The purpose of this project was to map genetic variation amongst individuals in the 1000 Genomes dataset and see how the different samples cluster together. The final number of samples included remained at 2548. This means that no samples were filtered out or found to be outliers in the pipeline. After generating the PCA plot above based on approximately 70-80 million SNPs from chromosomes 1-22, it can clearly be seen that samples indeed cluster together into their respective populations. Additionally, we can see the genetic relationships between the different populations. For example, it appears that the South Asian cluster is the most isolated which leads one to believe that this population contains genetic variation that heavily distinguishes itself from the other populations. The same can be said about the East Asian population although it lies a bit closer to the other populations. When it comes to the African, Ad Mixed American, and European clusters, they are distinguishable but have some clear overlap. This can be due in part to historical events such as the colonization of the Americas by European nations and the Atlantic slave trade during the 17<sup>th</sup> century. From this, it can be seen that populations are genetically different but some are more related than others. 

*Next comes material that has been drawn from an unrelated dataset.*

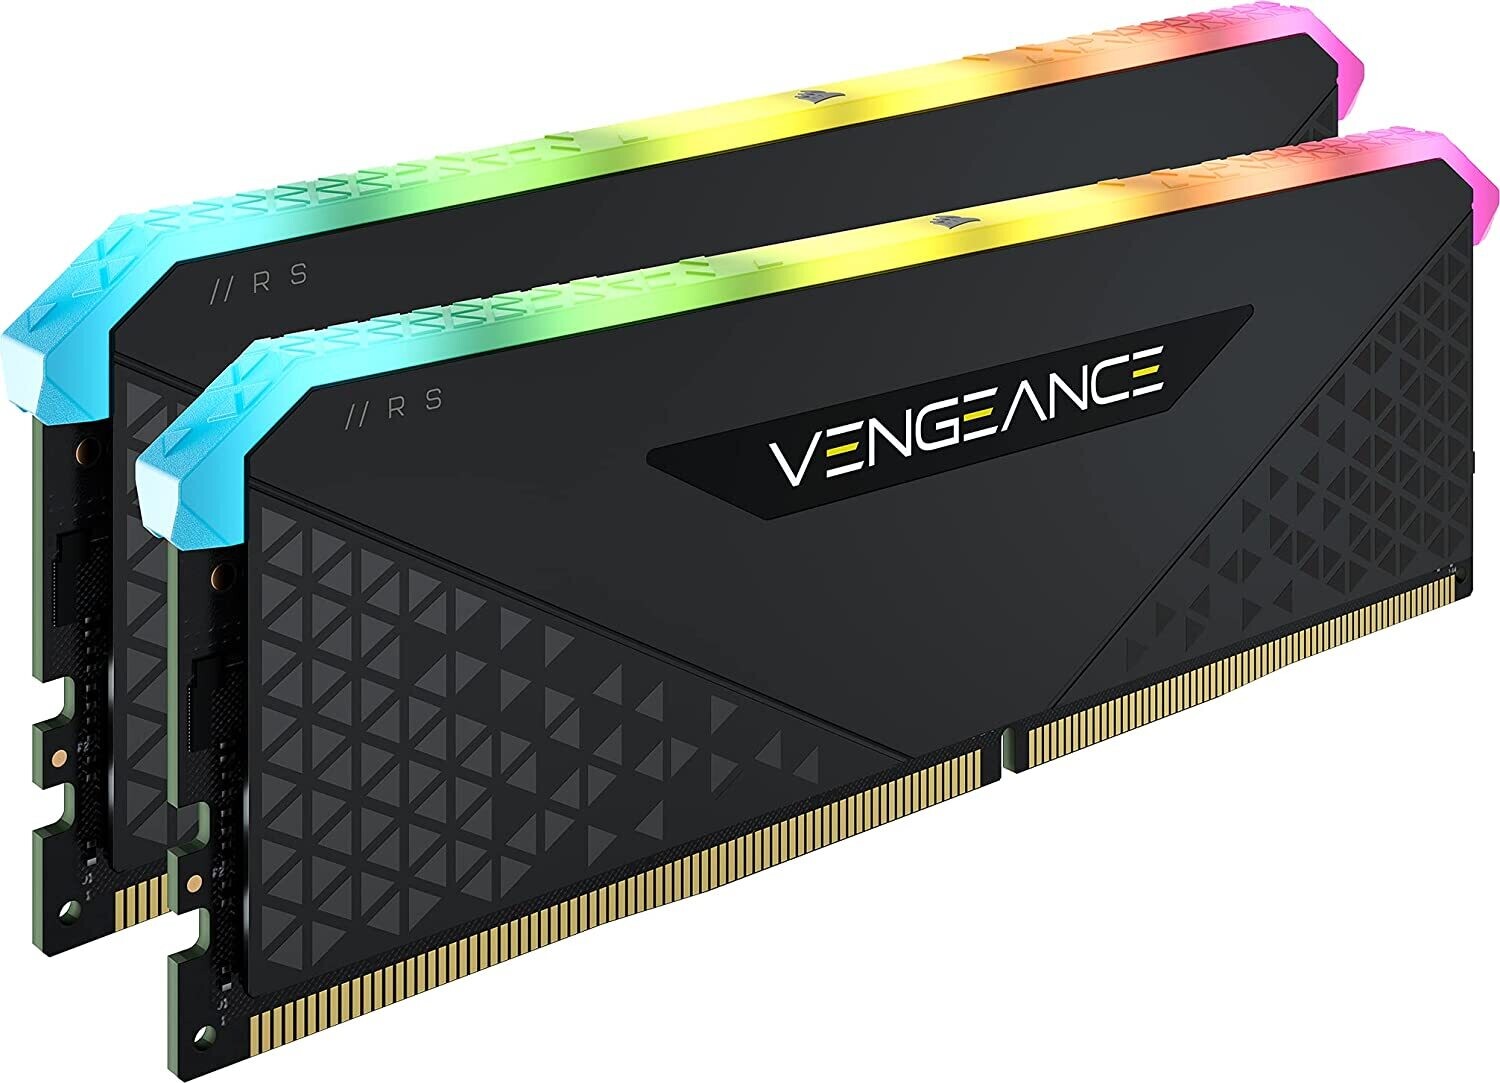 Corsair VENGEANCE® RGB RS 16GB (2 x 8GB) DDR4 DRAM 3200MHz C16 Memory Kit CMG16GX4M2E3200C16

Despite these findings, there are some limitations that should be noted. As was previously mentioned, misbalances in who is represented in the data set exist – most notably the Ad Mixed American population who represented only 14% of the data set. It is possible that this small sample size is partly the reason why the Ad Mixed American cluster has a  dispersed wing-like structure. A larger sample size may have helped create a more concrete cluster or even helped find subclusters within it. Another issue that may have arised from the data generation process are the points that seem out of place given their respective populations. As an example, there is an individual of African ancestry right in the middle of the Ad Mixed American cluster. Since the samples self reported their populations, this may have been an issue of self reporting. Another limitation is that these clusters were unable to be mapped to a map of the world as was done in the project that is being replicated. The issue is that when plotted on a 2 dimensional plane, the distances and positions between the cluster do not reflect their true locations on the globe. It is believed that due to the fact that the orignal project focused only on European nations, which are tightly clustered according to the above plots, the relatively short distances between them is more manageable than a global scale. As distances get larger, the more the relative positions between the clusters is lost. It is possible that more data could correct this issue in the future.

# Conclusion

Although the population clusters were not able to be mapped to a map of the world, there is a lot that was learned from this project. It was learned that genetic variation is indeed a powerful indicator of what population an individual belongs to. It is no surprise why companies like 23andMe use these methods to inform individuals of their genetic ancestries. With the collection of more and more genetic data, it is easy to imagine that this will continue to advance and offer more accurate results. In addition to this, the ability to determine the relationship between populations through genetic variation was revealed. It is very interesting to see how some populations are more associated with one population over others – especially when it can be explained by historical events. Goes to show that the actions and decisions we make as a society can ultimately affect the makings of our future DNA. I wonder however, if humans will continue to diversify and form distint clusters or, given an age of mobility and technology, admixture will foster a world of indistinguishable populations.